File cache for files retrieved from the cloud

Project description

GitHub release; latest by date GitHub Release Date Test Status Documentation Status Code coverage
PyPI - Version PyPI - Format PyPI - Downloads PyPI - Python Version
GitHub commits since latest release GitHub commit activity GitHub last commit
Number of GitHub open issues Number of GitHub closed issues Number of GitHub open pull requests Number of GitHub closed pull requests
GitHub License Number of GitHub stars GitHub forks

Introduction

filecache is a Python module that abstracts away the location where files used or generated by a program are stored. Files can be on the local file system, in Google Cloud Storage, on Amazon Web Services S3, or on a webserver. When files to be read are on the local file system, they are simply accessed in-place. Otherwise, they are downloaded from the remote source to a local temporary directory. When files to be written are on the local file system, they are simply written in-place. Otherwise, they are written to a local temporary directory and then uploaded to the remote location (it is not possible to upload to a webserver). When a cache is no longer needed, it is deleted from the local disk.
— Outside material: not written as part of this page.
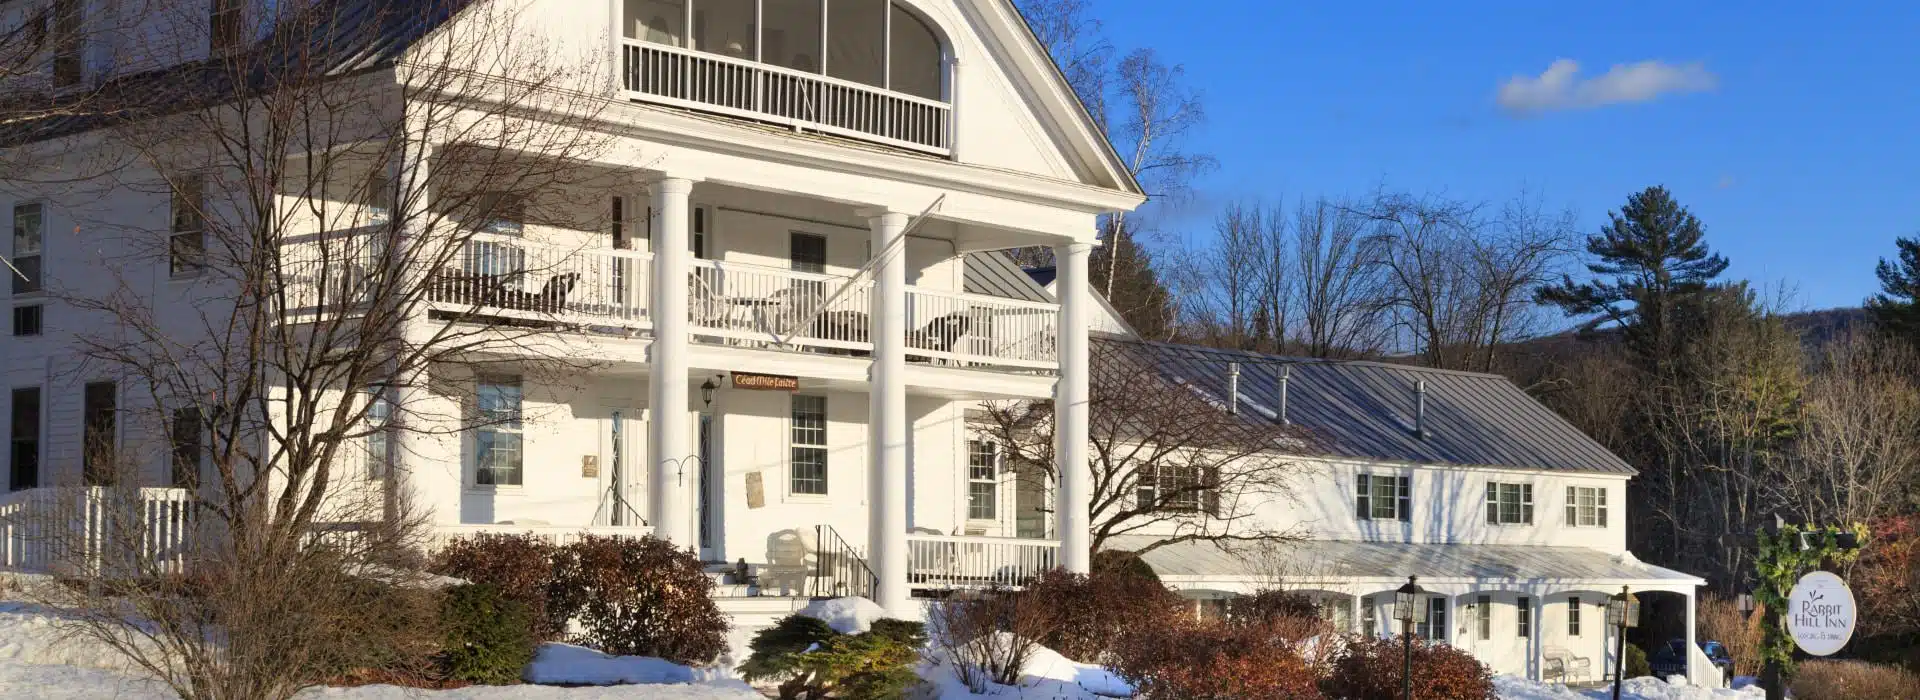 Exterior view of the property painted white with front porch and second level porch all surrounded by snow and winter-looking trees and shrubs with blue clouds in the sky

filecache is a product of the PDS Ring-Moon Systems Node.

Installation

The filecache module is available via the rms-filecache package on PyPI and can be installed with:

pip install rms-filecache

Getting Started

The top-level file organization is provided by the FileCache class. A FileCache instance is used to specify a particular sharing policy and lifetime. For example, a cache could be private to the current process and group a set of files that all have the same basic purpose. Once these files have been (downloaded and) read, they are deleted as a group. Another cache could be shared among all processes on the current machine and group a set of files that are needed by multiple processes, thus allowing them to be downloaded from a remote source only one time, saving time and bandwidth.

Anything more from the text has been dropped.